Quizá por su amor por el orden, pero no el de los cuarteles, sino el del mundo académico, saltó al mundo real desde la Universidad de Córdoba con un título de abogado, una medalla de oro y el mejor promedio. Un pasaporte hacia el éxito. 

Pero De la Rúa prefirió siempre el gris de la corrección formal. La palabra atinada, el giro arcaico en el lenguaje, la corbata en el lugar exacto y la moderación en cada uno de sus actos lo pusieron siempre del lado de los que terminarían mirando pasar la historia. Y eso que esta le dio sus oportunidades cuando en la segunda vuelta para definir el tercer senador en la Capital Federal en 1973, Fernando de la Rúa derrotó al peronista de ultraderecha nacionalista Marcelo Sánchez Sorondo; ese fue el único triunfo radical en un mapa político argentino totalmente teñido por el Frente Justicialista de Liberación (FREJULI).

Con poco más de 30 años, el senador tuvo otra oportunidad. En septiembre de ese mismo año la feroz interna del peronismo en el poder puso blanco sobre negro al desalojar del poder a Héctor Cámpora para entronizar a Juan Domingo Perón, ya en el país y despojado de las proscripciones que le impusiera el exdictador Alejandro Lanusse.
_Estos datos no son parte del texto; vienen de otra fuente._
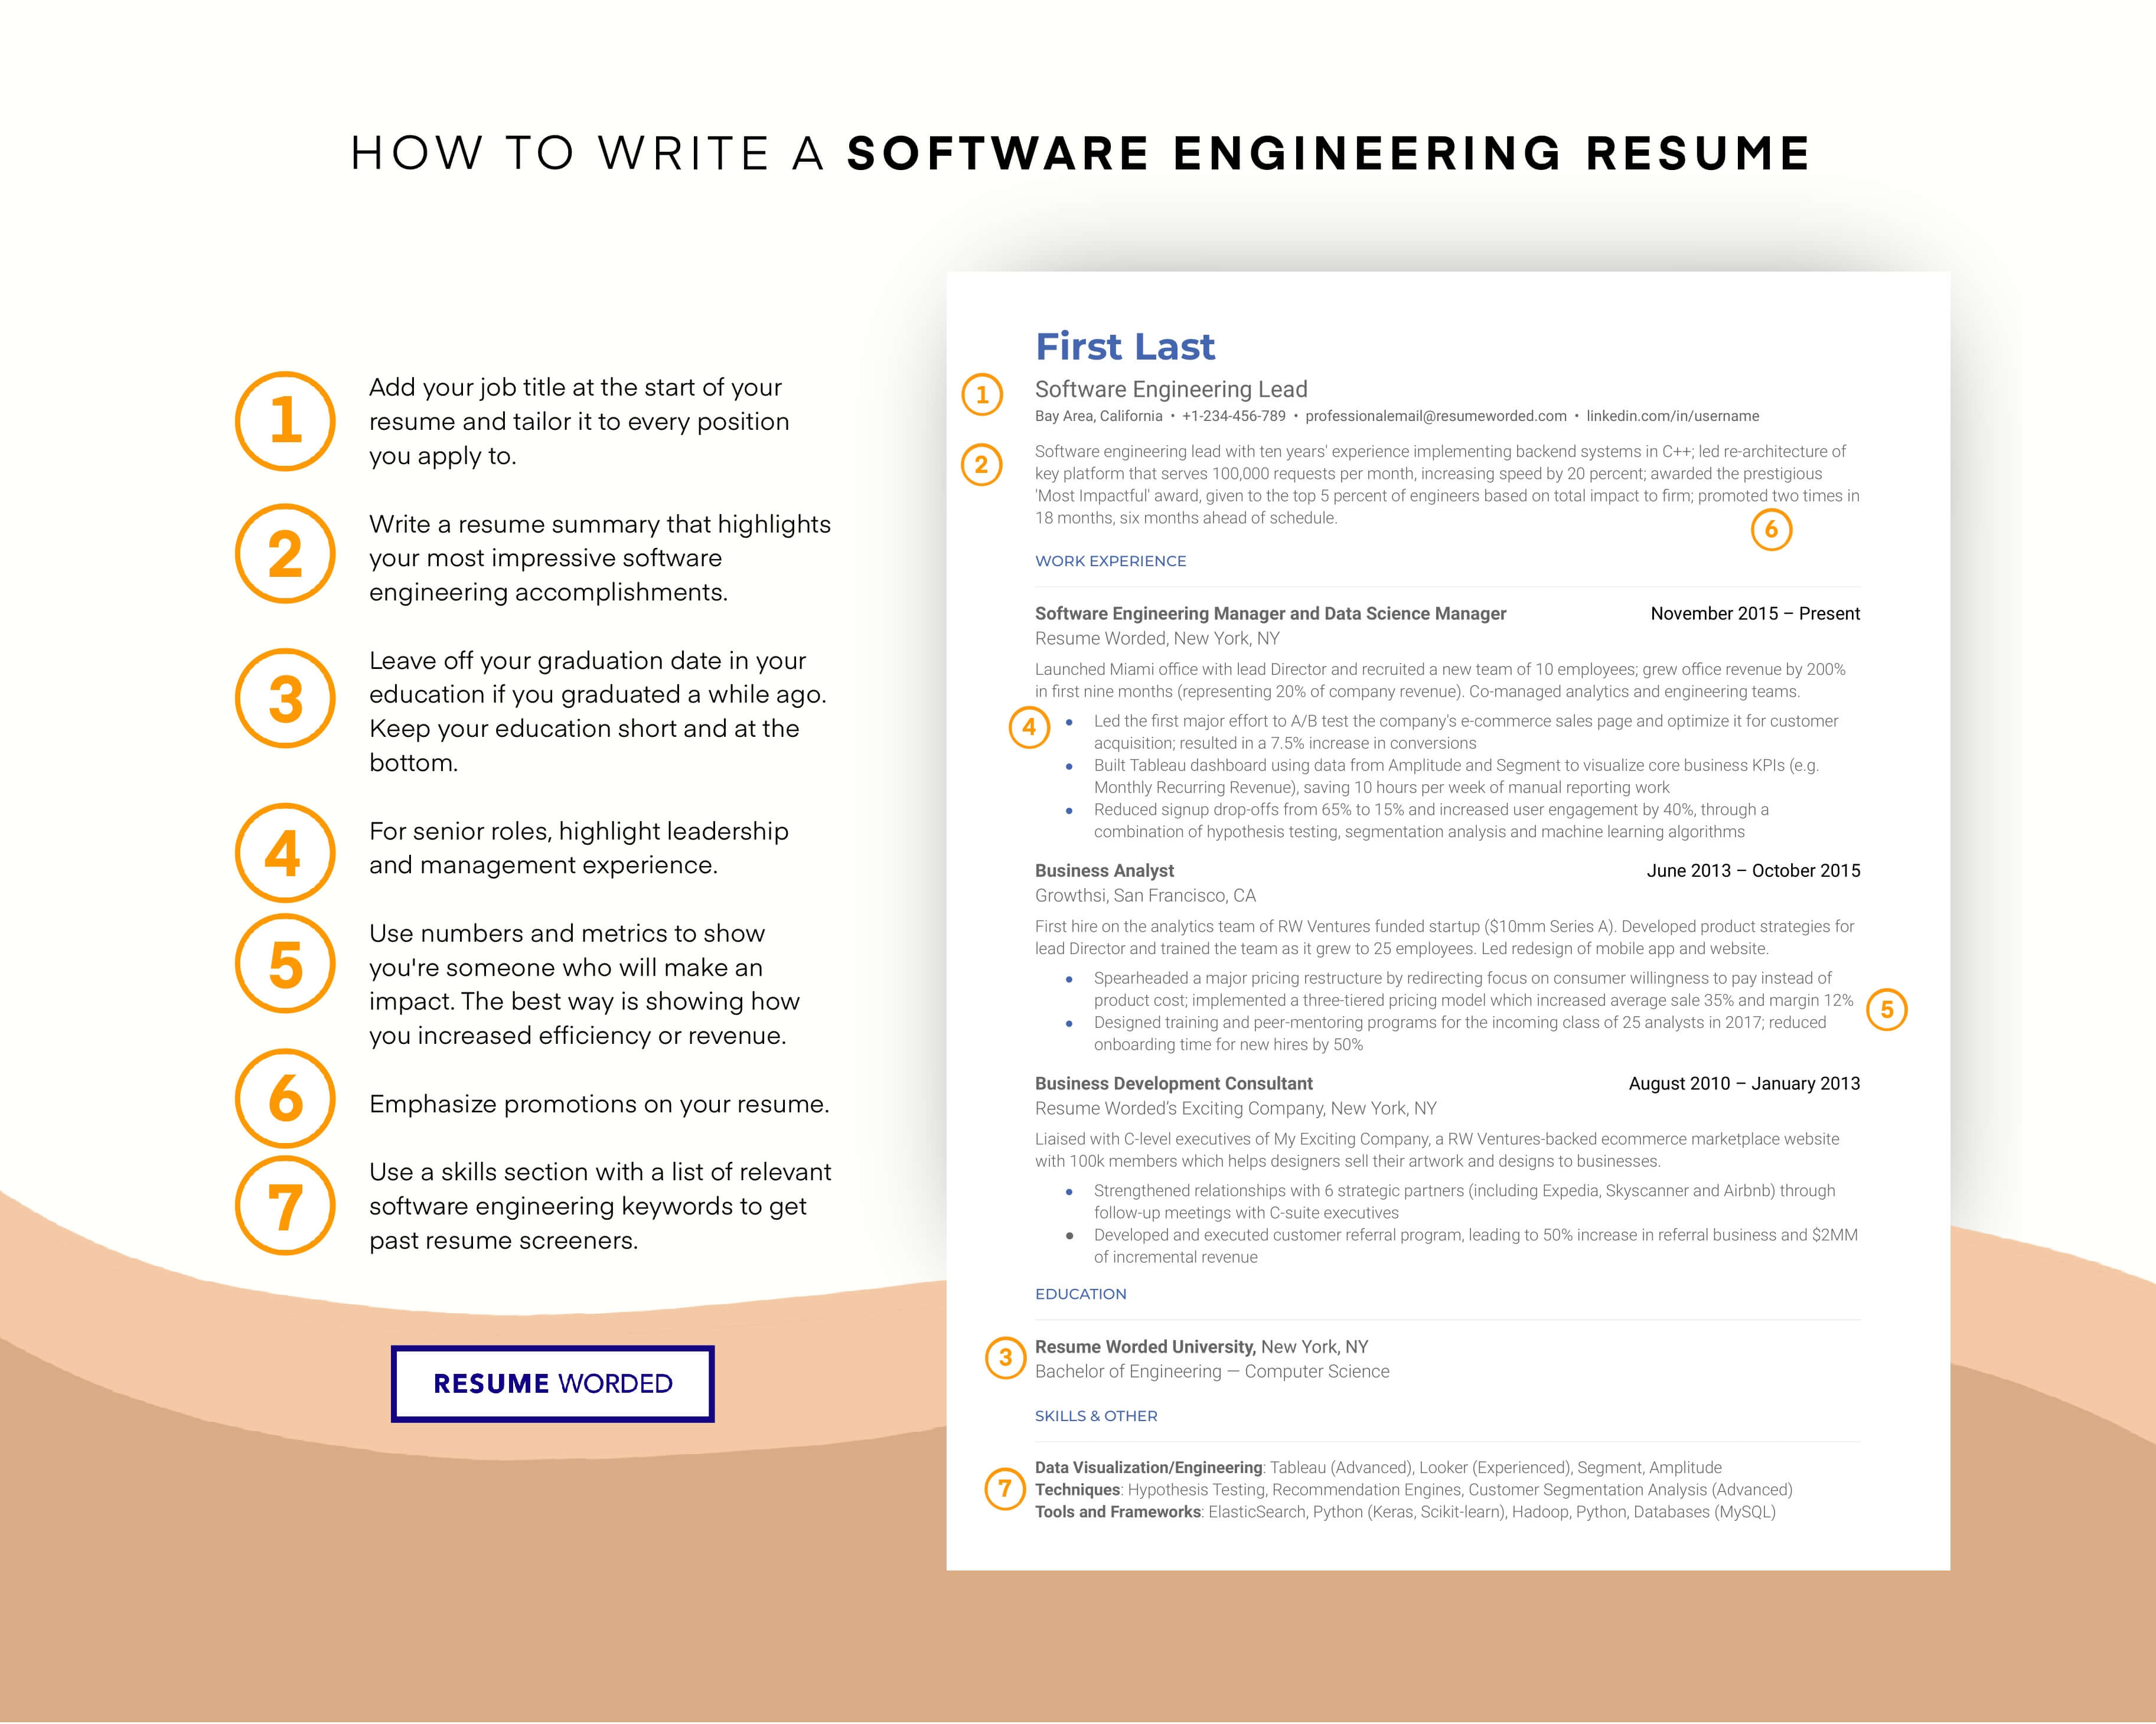 Detail your software proficiencies - Structural Engineer CV

La conmoción política de ese hecho en un marco de polarización ideológica, tanto interna como externa, definió al hecho como “un golpe de la derecha para asegurar el continuismo”, frase soltada por un Raúl Alfonsín, también novato y ascendente, pero que la historia le tenía reservada otra porción.
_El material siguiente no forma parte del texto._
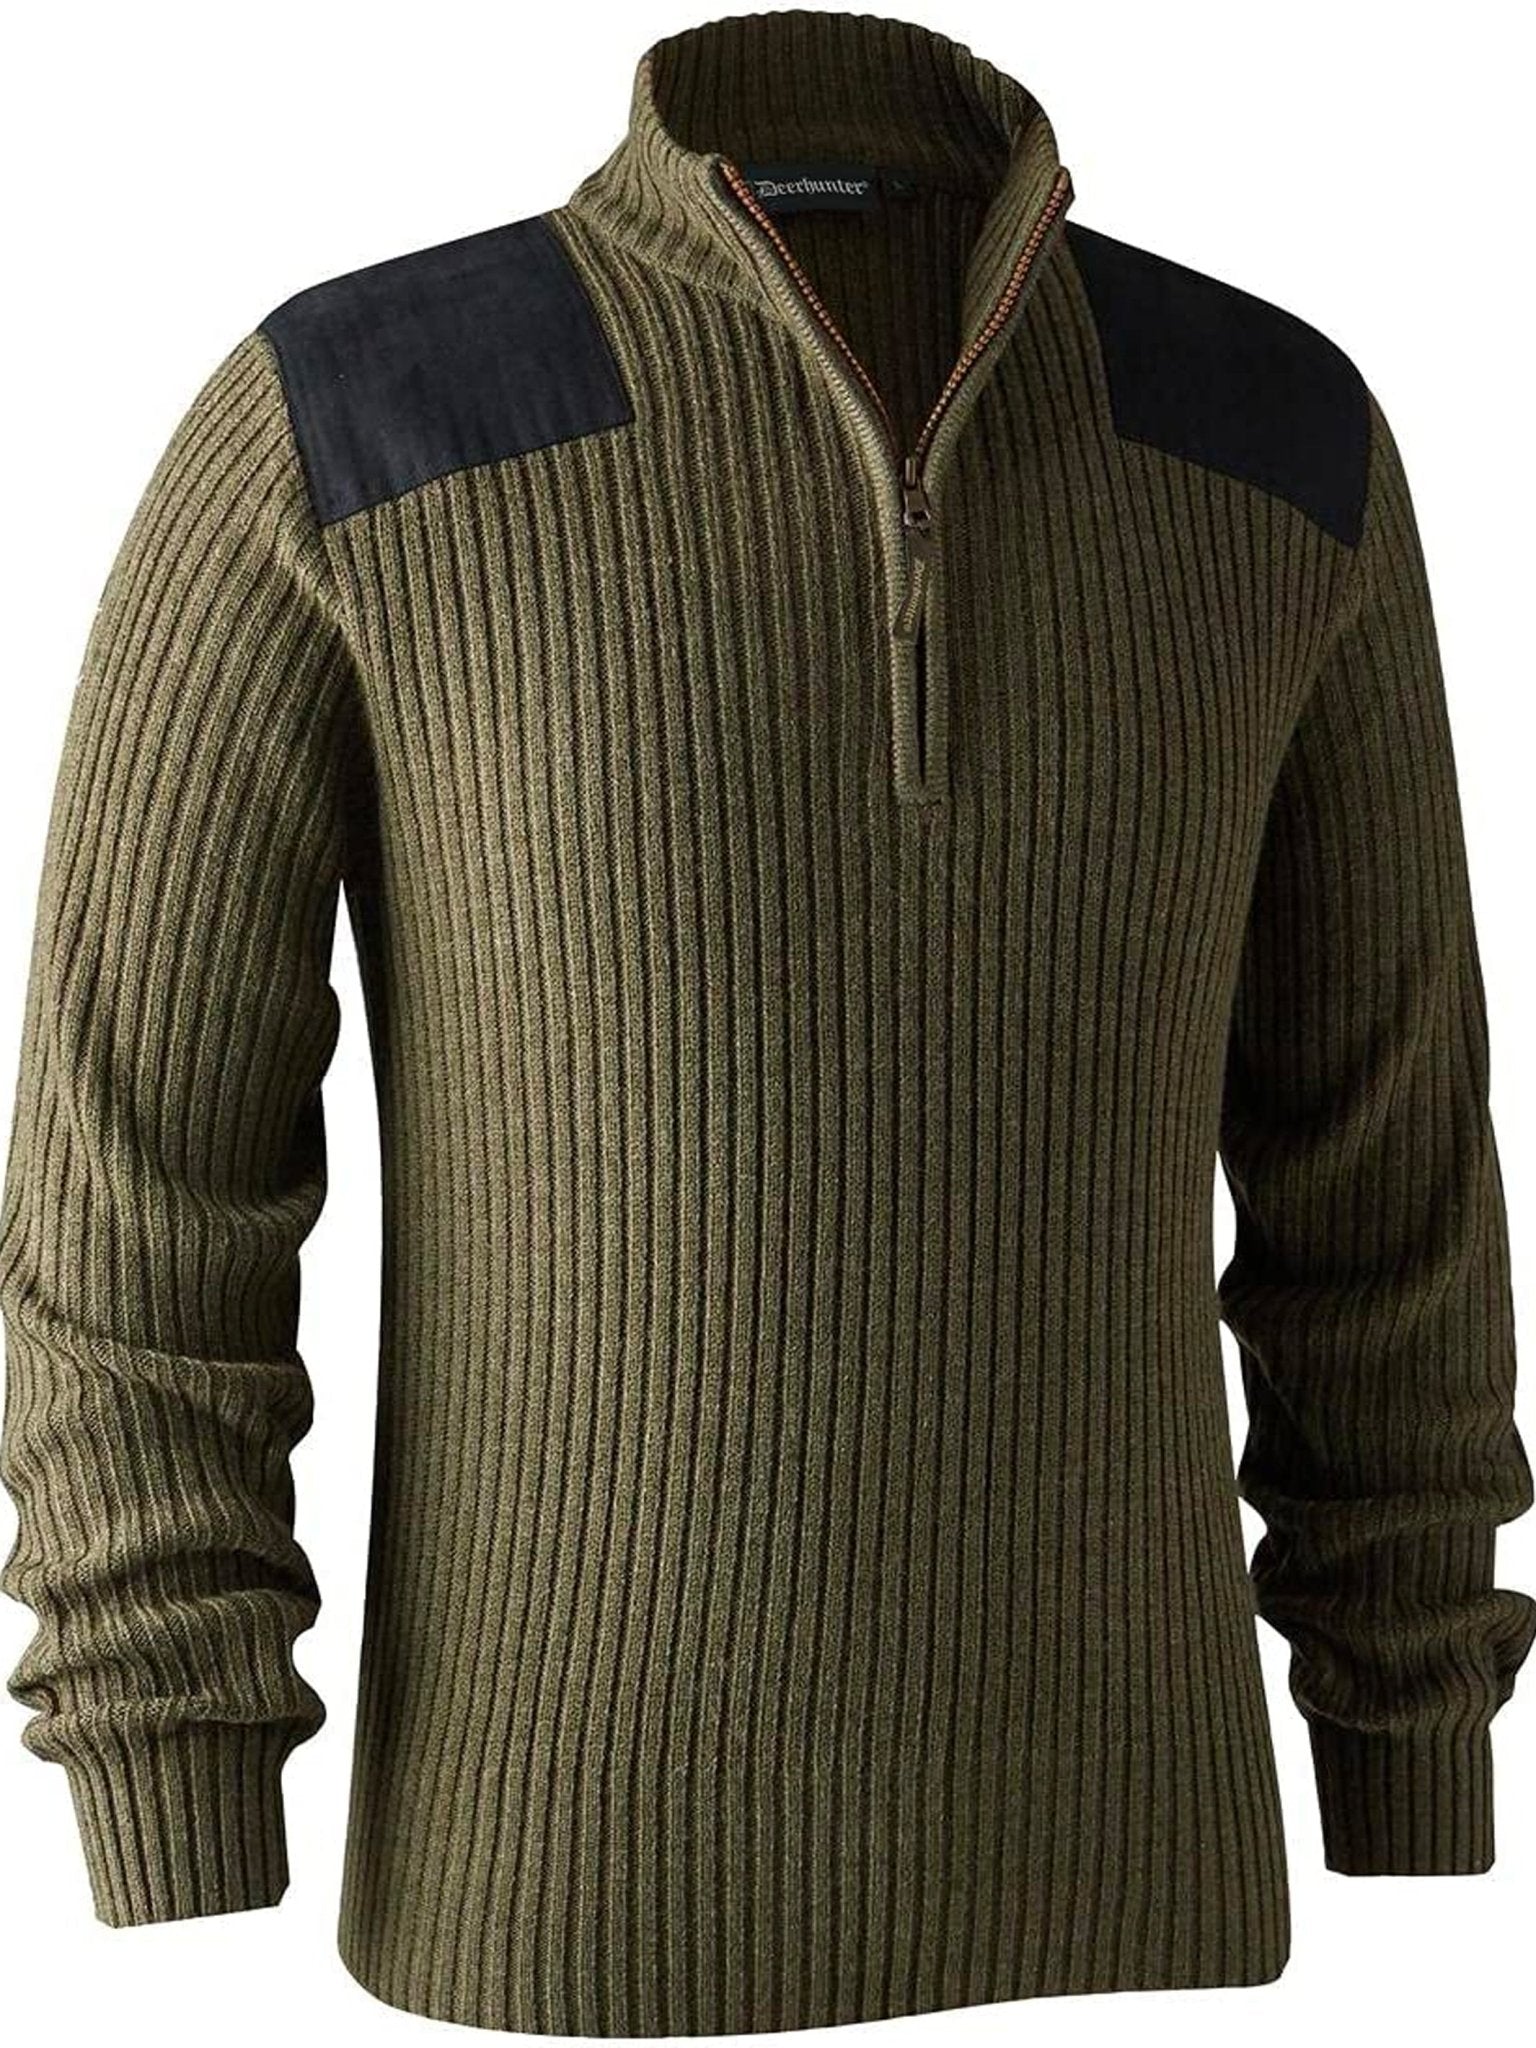 4elementsclothingDeerhunterDeerhunter - Rogaland knit pullover / jumper with quarter ZipKnitwear8726-354-48

El vacío de poder que dajaron Cámpora y Lima lo debía llenar Perón, por supuesto, quien fue al comicio con su esposa Isabelita como vicepresidente.

La Unión Cívica Radical esperanzada en que el raciocinio retornara, se presentó otra vez con Ricardo Balbín pero acompañado por el triunfante Fernando de la Rúa.

Las votos casi ni fue necesario contarlos, Perón superó el 60% y no hubo lugar para segunda vuelta. Pero el nombre de De la Rúa quedó en el universo radical como una luz de esperanza. Le endilgaron a ese joven la pesada tarea de ser la promesa del futuro, hubo quien lo comparó con Robert Kennedy en un olvidado discurso durante un miting.

Pero Fernando no pudo enamorar a las multitudes, tal vez opacado por ese gigante de la retórica como fue el Chino Balbín y lejos de la calidez verbal de Raúl Alfonsín, pocos recuerdan auditivamente sus palabras.

Sin embargo, esa medianía y moderación tan poco querida y respetada por los argentinos le sirvió para contrastar con otro paladín de la imagen y la verborragia, el inefable Carlos Menem. La supuesta monotonía y aburrimiento de De la Rúa eran la contracara de la fiesta menemista. Tal vez eso hizo ganar a la Alianza y no el mensaje de la Carta a los Argentinos, en el que Alfonsín, Terragno y Fernández Meijide, entre otros, cifraron nuevas esperanzas.

Pero no, otra vez la frustración. El buen senador y exjefe de Gobierno de la flamante Ciudad Autónoma no se atrevió a dejar el gris, sus honestidad y sus principios no sirvieron. Cuando se vio desbordado acudió a lo peor, a la represión. Dicen que sus conmilitones lo dejaron solo, hasta sacaron su foto de los comités, pero eso ya pasó.